10. Language is defined by these 18th century
writers in terms of male language; the way man
talk is seen as the norm while women’s language
is deviant.
The androcentric bis is still present in 20th
century as Jesperson asserted in his book that
‘’the vocabulary of a women as a rule is much
less extensive than that of a man’’, he supported
this by an experiment in which male college
students used a greater variety of words than
female college students.
He also says that women differ from men in their
extensive use of certain adjectives such as pretty
and nice.
11. Robin Lakoff noted in her work Language and
Women’s place that 20th century linguistic interest
was in gender differences specifically ‘’empty’’

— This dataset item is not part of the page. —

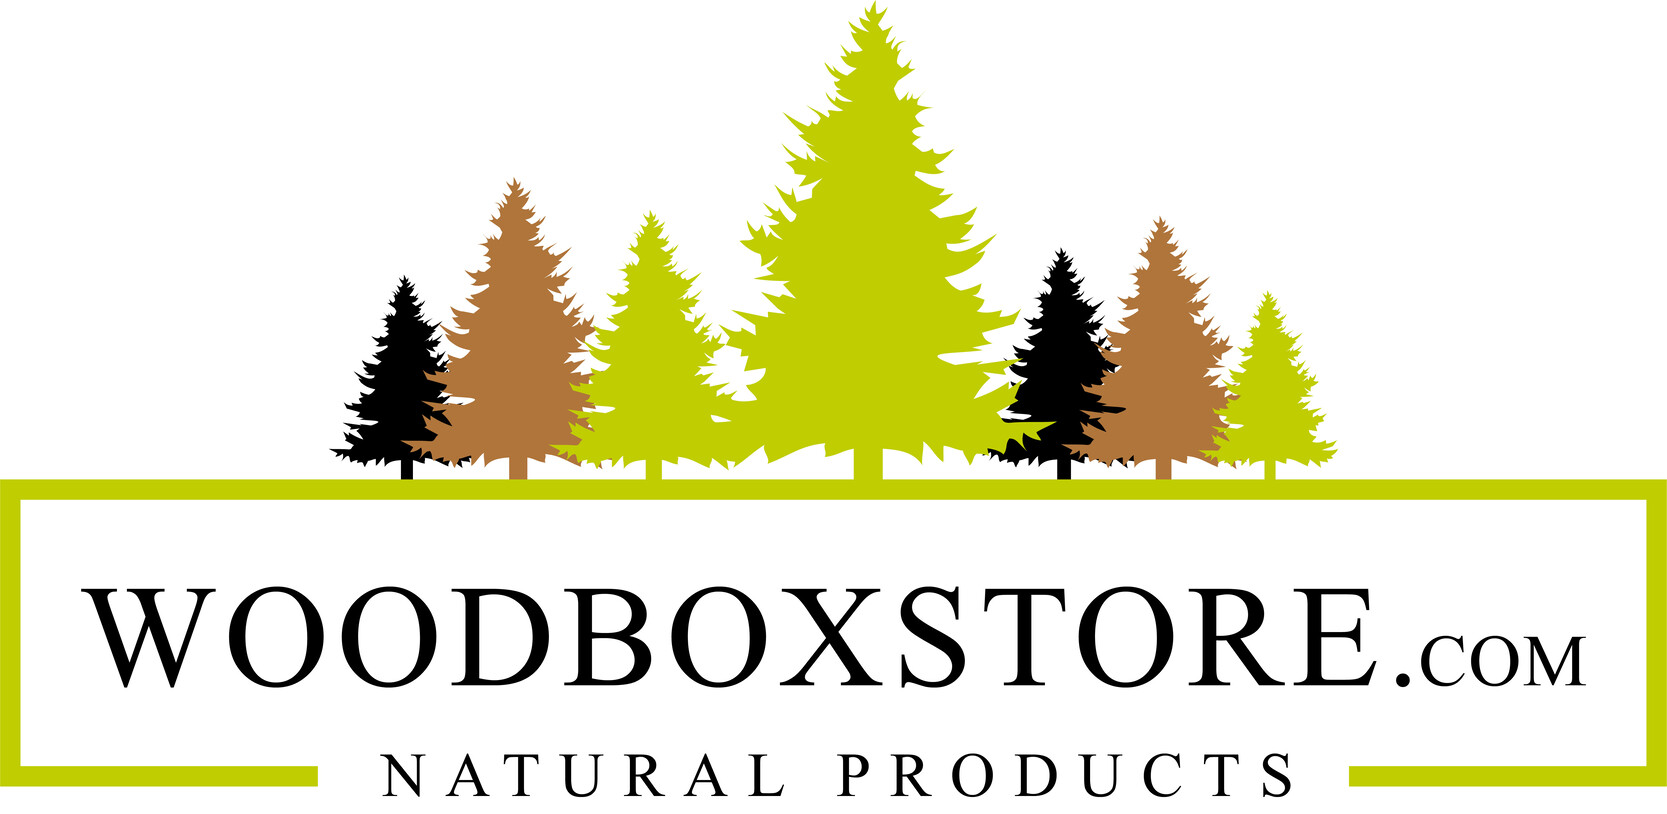 Woodboxstore.com

adjectives like divine, charming , cute… as typical of
what she calls women's language.
According to Jesperson that women differ from men
even in the use of adverbs and she says that ‘‘this
little adverb is a great favourite with ladies, in
conjunction with an adjectives’’and she also gives
examples such as ‘it is so lovely’, ‘thank you so
much’, ‘he is so charming’.She gives explanation for
this gender preferential usage is that women much
more often than men break off without finishing their
sentences because they start talking without having
thought out what they are going to say.